Доном Педро сначала овладела ярость, но затем его охватило восхищение. То была первая половина жизни короля Кастилии, когда его еще называли Справедливым и сердцем он мог воспринять примеры, достойные подражания; то, что разыгралось сегодня, было для него примером неслыханным, а в особенности неожиданным: среди придворных, преклоняющих колени, когда он проходил мимо, оказался человек, осмелившийся устроить публичный суд над королем, не исполнившим законы своего королевства. Дон Педро решил подчиниться требованию asistente и появиться на следующий день на площади Хиральды облеченным знаками королевского достоинства. Не желая казаться устрашенным, он выбрал себе в сопровождающие только Феррандо де Кастро и Хуана де Падилью, отказавшись от другой свиты.

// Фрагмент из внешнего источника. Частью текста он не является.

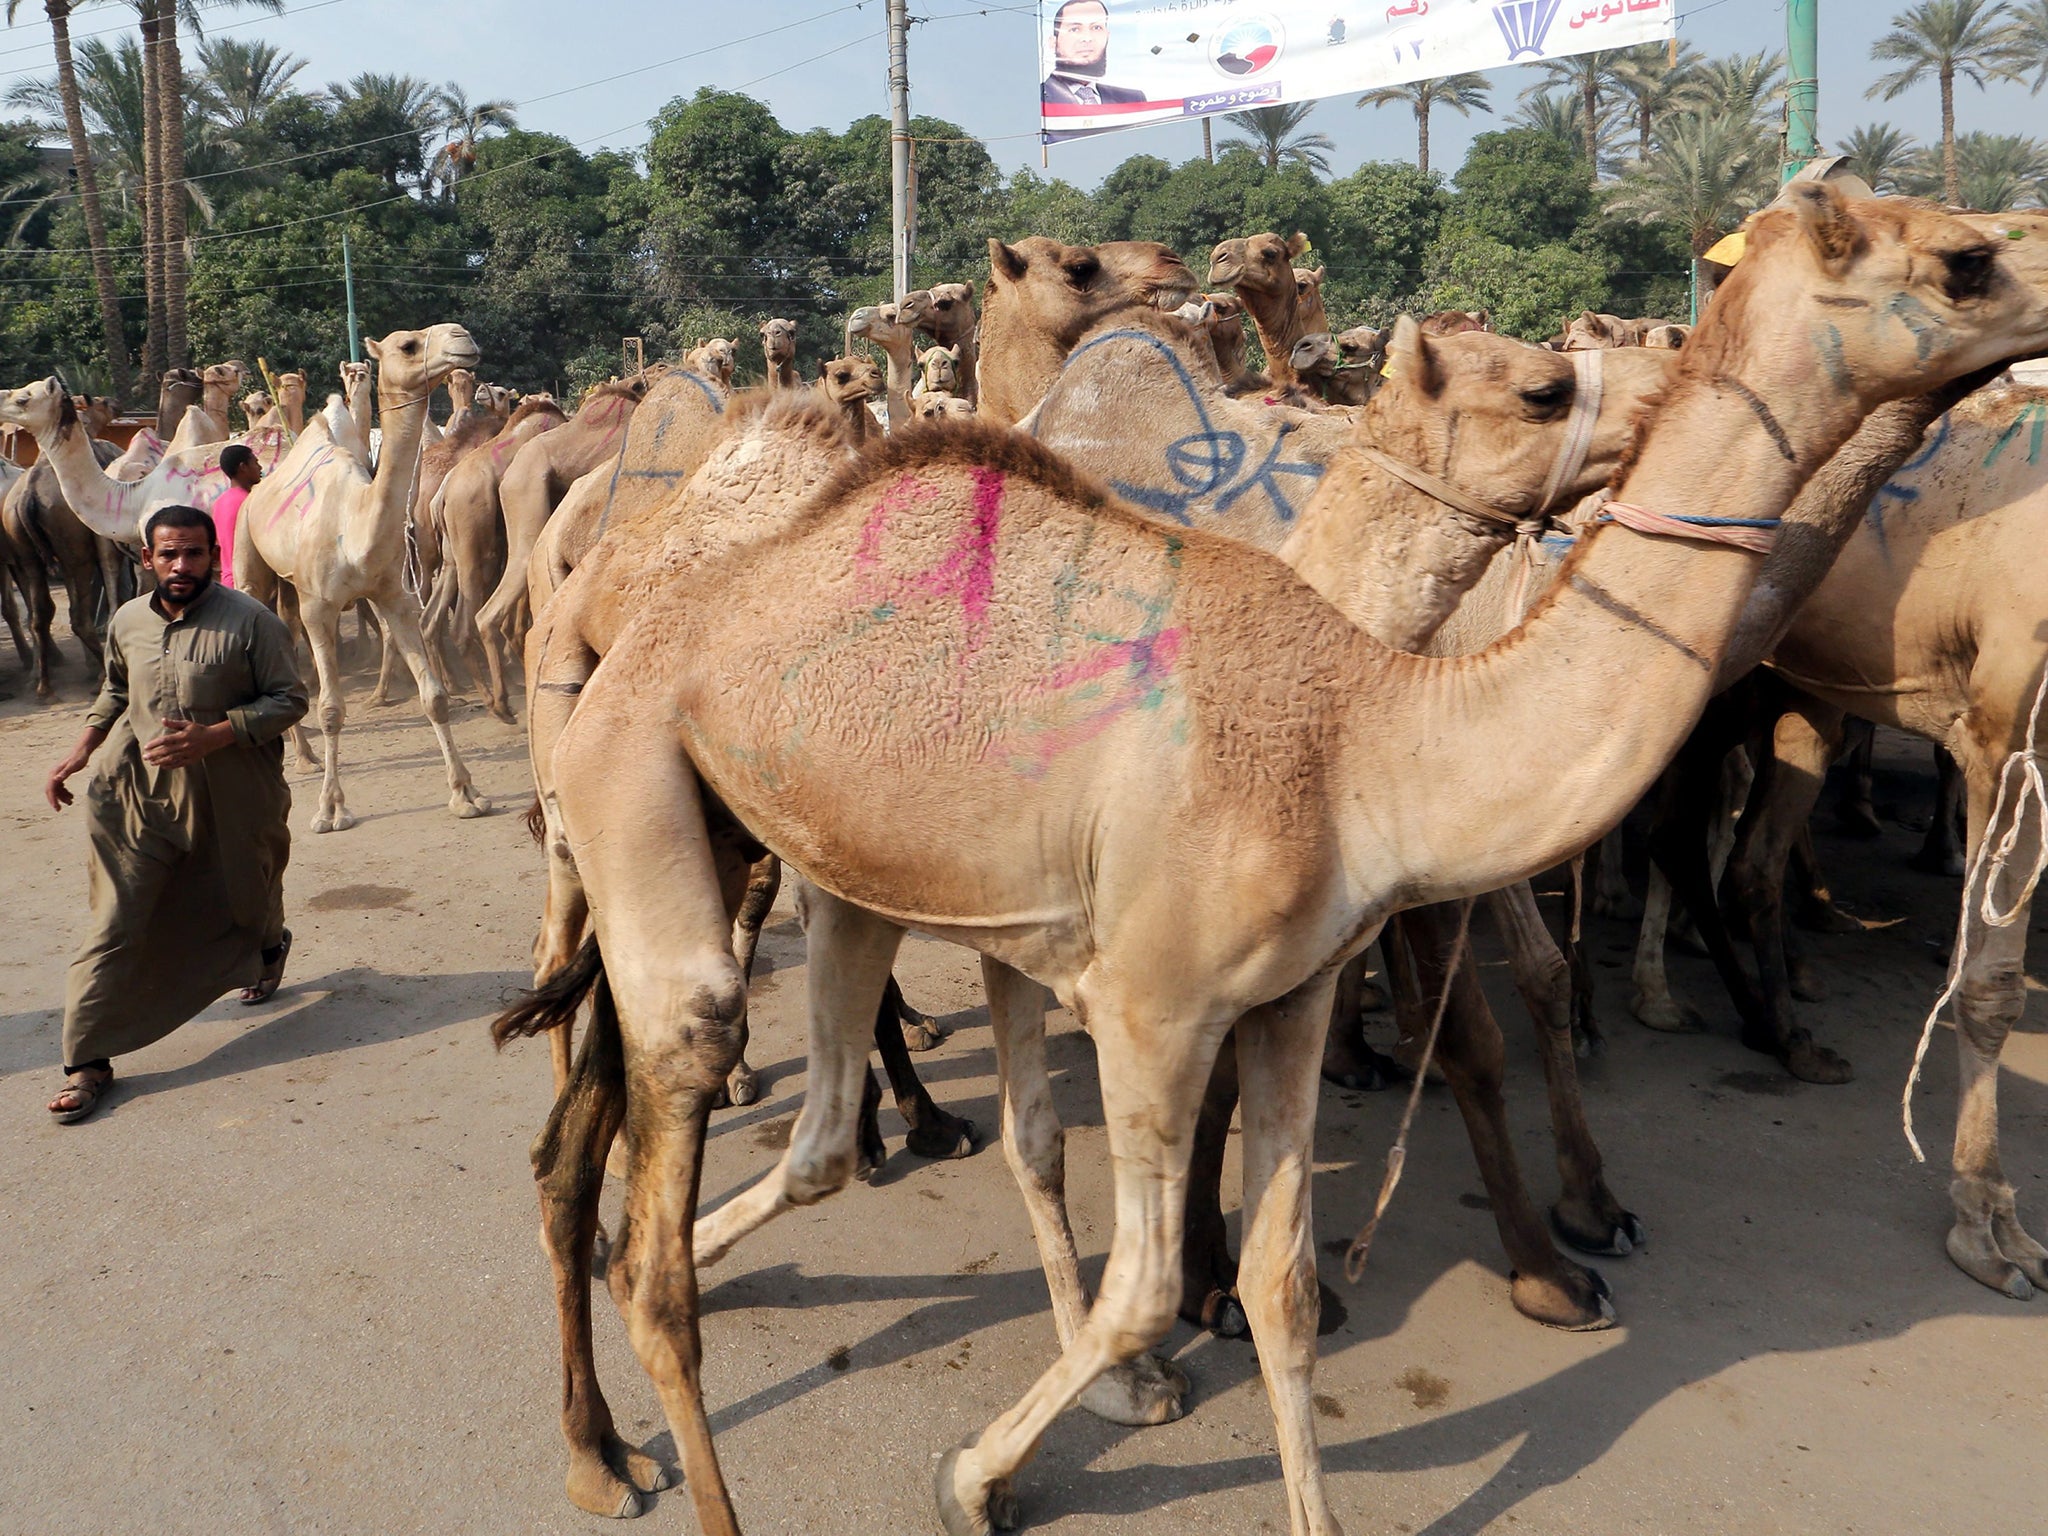 Riyadh’s camel market is one of the largest in the Arabian Peninsula
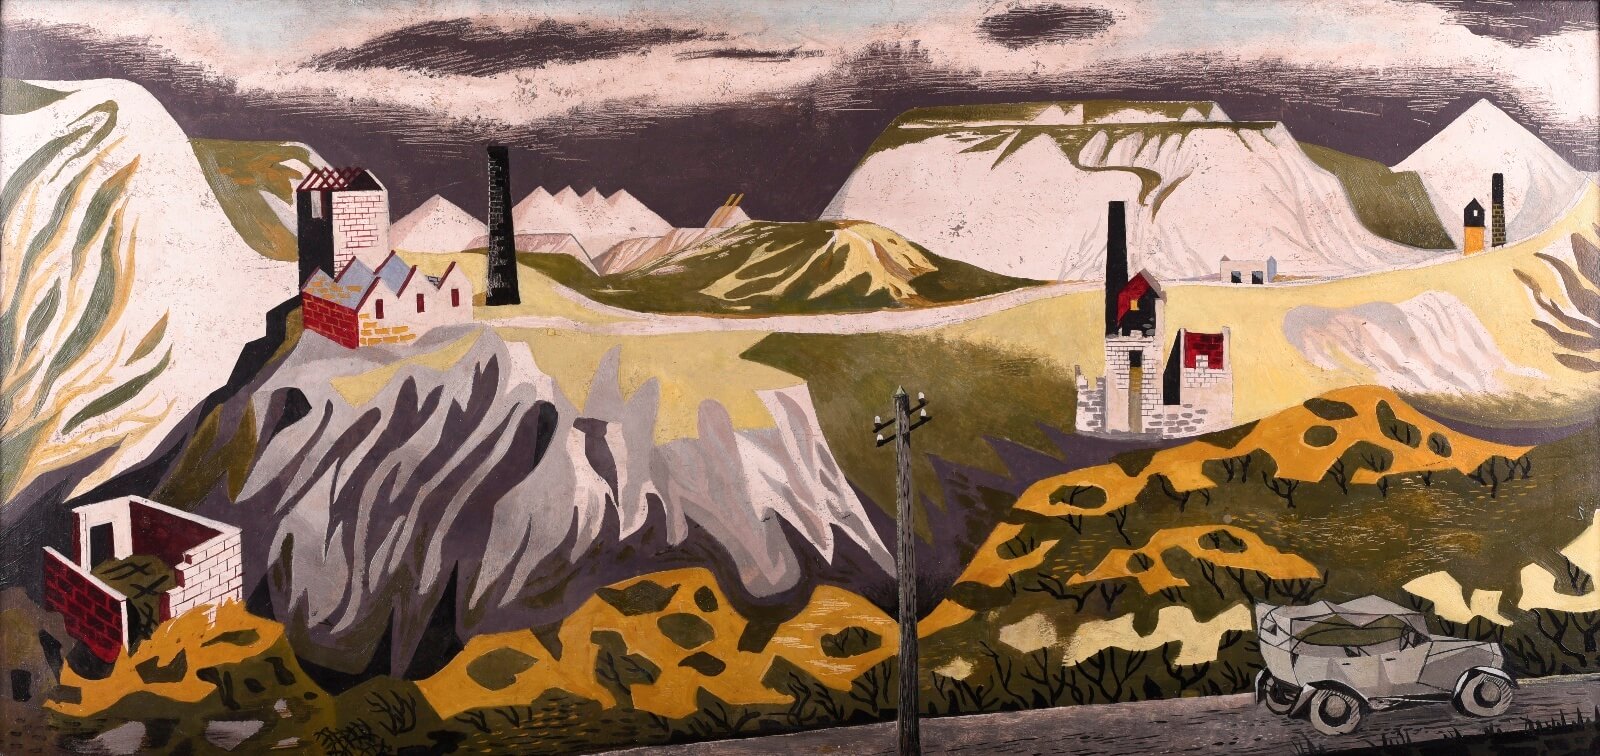 Mary Adshead - The Old Rolls on Bodmin Moor; China Clay Landscape

Между тем новость об этом странном суде быстро распространилась по всей Севилье и пробудила живейшее любопытство. Вызов в суд, предъявленный королю, — причем никто не мог понять, чем все закончится; то, что дон Педро, привыкший повелевать, подчинился приказу одного из своих чиновников, не слыханная до сего времени непреклонность судьи, осмелившегося так неосторожно не посчитаться с авторитетом короля, — все это предвещало одно из тех торжественных зрелищ, что сохраняются в памяти людей; поэтому, едва занялась заря, все жители Севильи поспешили на площадь Хиральды. Что касается дона Педро, то вместе с двумя своими сопровождающими он ожидал часа, в который ему было назначено выслушать чтение приговора. Оба сеньора напрасно уговаривали короля взять более многочисленный кортеж и вооруженную стражу: дон Педро со всей определенностью заявил, что он желает, чтобы все шло согласно отданному им приказу, и что он не нуждается в иной свите, чем положено обычно при оглашении приговора primer asistente; он позволил следовать за собой только двенадцати сеньорам, но без оружия, заставив их предварительно поклясться, что без приказа, исходящего из его собственных уст, они ничего не предпримут, что бы ни происходило вокруг.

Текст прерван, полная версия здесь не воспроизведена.